Heart rate and two-dimensional echocardiography.

Heart rates from awake, unanesthetized mice and NMRs were measured using a modified blood pressure tail cuff (Hatteras Instruments, Cary, NC). These measurements were acquired after a minimum of three training sessions. For echocardiography, mice and NMRs were anesthetized using 1–2% isoflurane in a 100% oxygen mix and placed in the supine position with paws taped to electrodes on a temperature-controlled electrocardiogram board. Heart rate, respiratory rate, and temperature were monitored to ensure the data collected were physiologically relevant.
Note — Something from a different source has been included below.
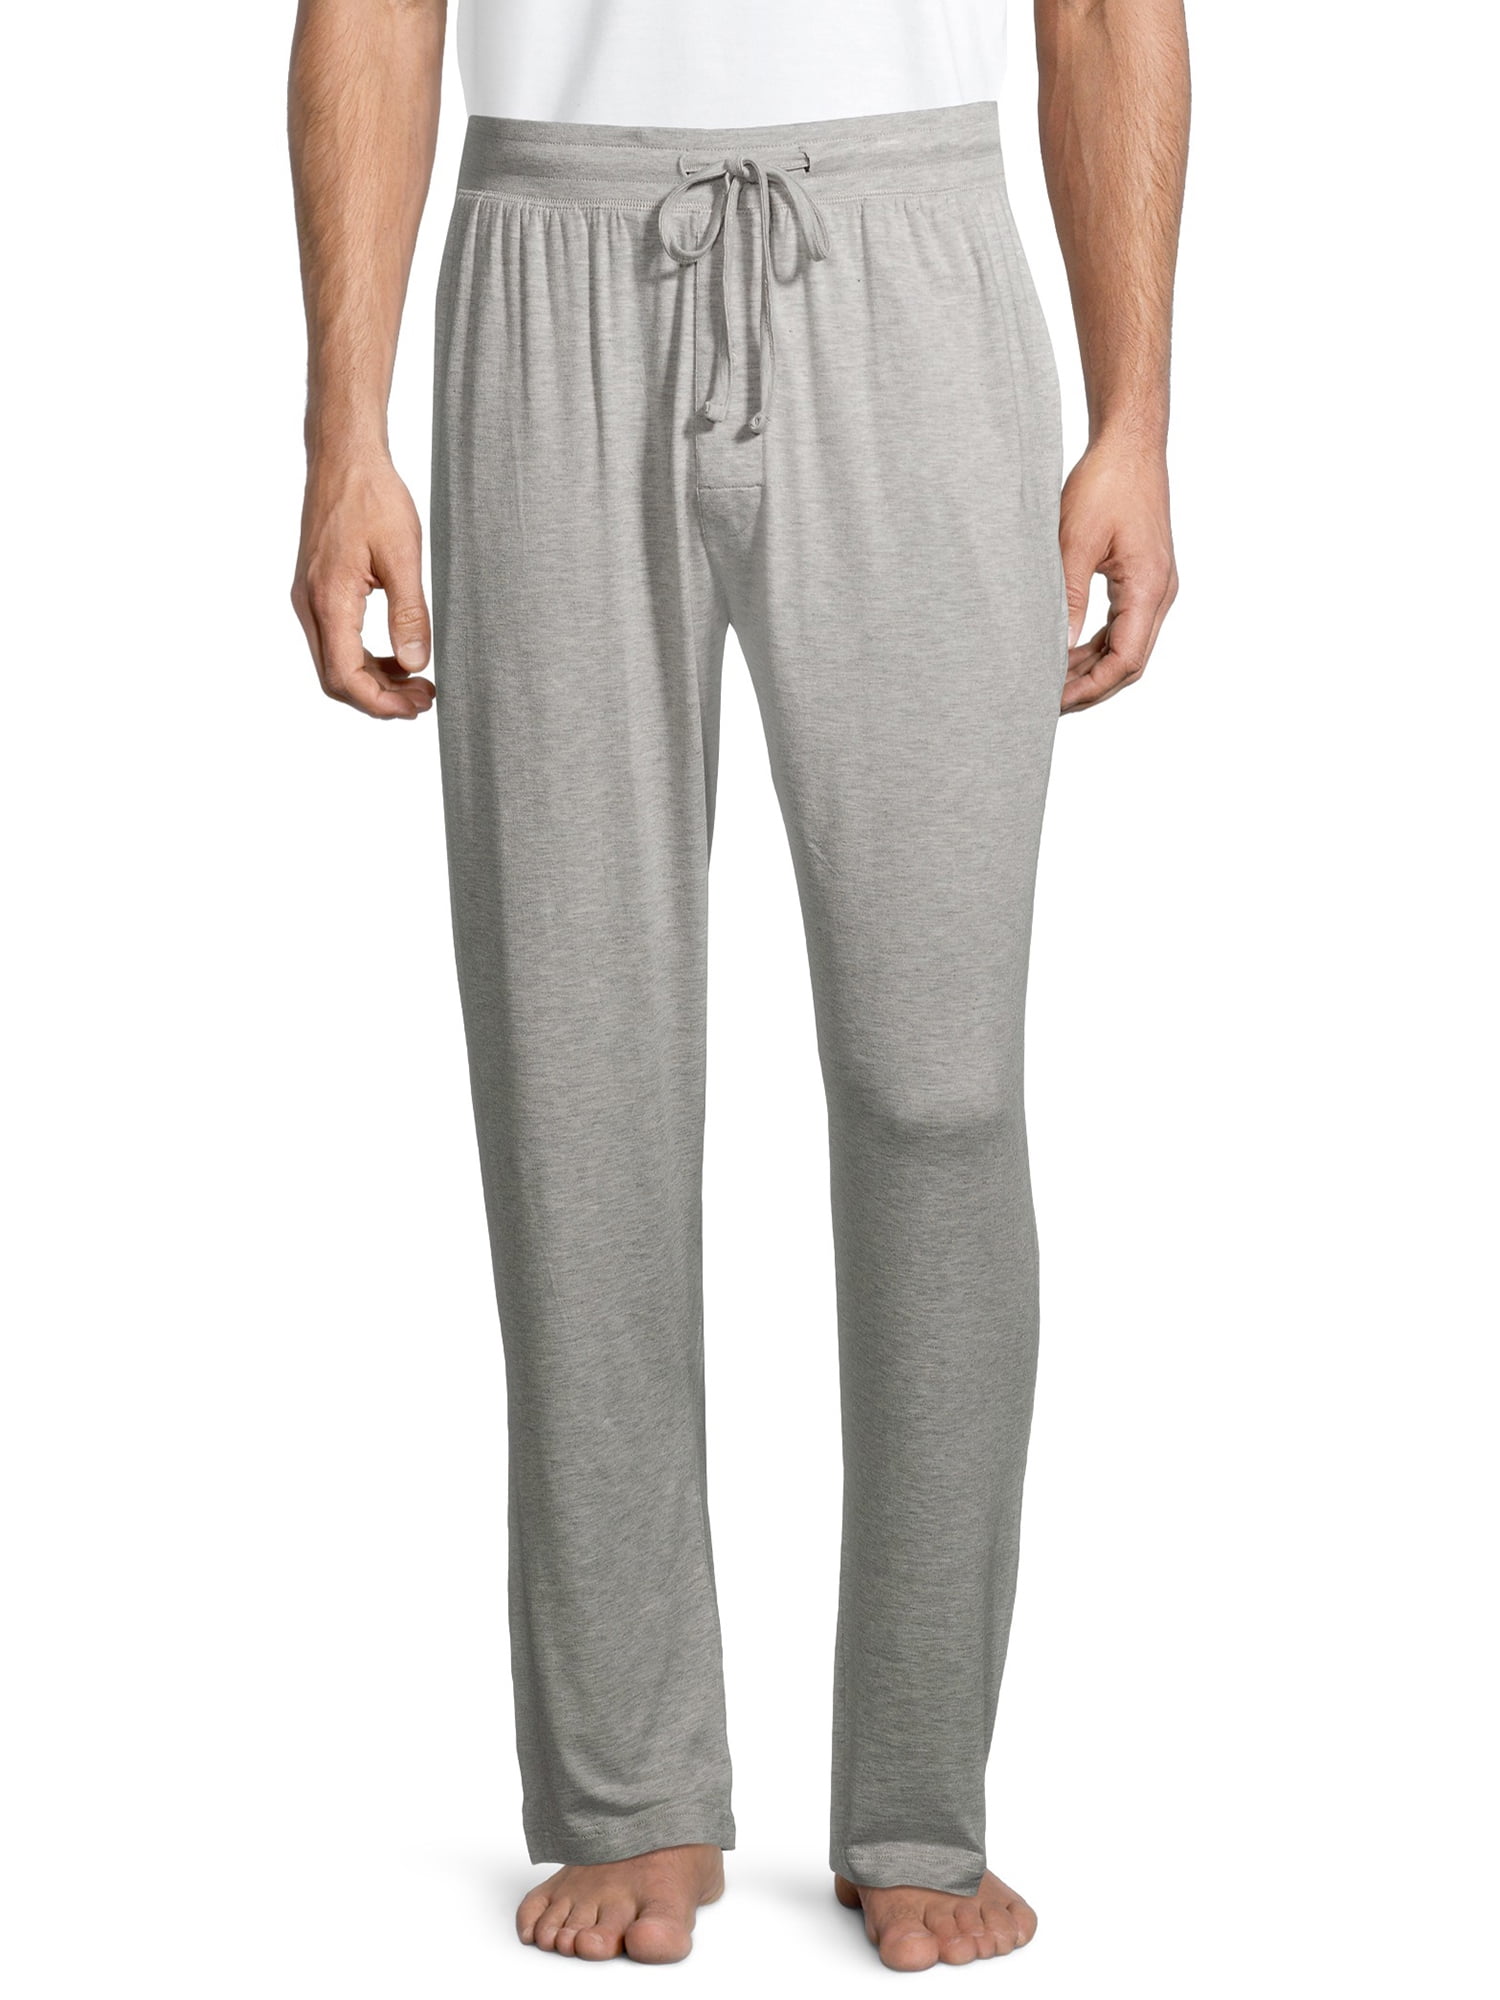 Hanes Men’s Ultrasoft Modal Stretch Cozy Pajama Pants

Measurements were acquired with the Vevo 2100 Imaging System (VisualSonics, Toronto, ON, Canada) to obtain two-dimensional parasternal LV B-mode recordings at the long axis and M-mode recordings at the short-axis midpapillary region according to the recommendations set out by Lang et al. (24). Stress was induced by an intraperitoneal injection of dobutamine (3 μg/g body mass) for each animal. This dose was chosen because it was the minimum at which heart rate and fractional shortening were maximally stimulated in both species after dose-response experiments were conducted (data not shown). Echocardiograms were recorded at baseline before injection and 30 min after injection.

Biaxial tensile testing.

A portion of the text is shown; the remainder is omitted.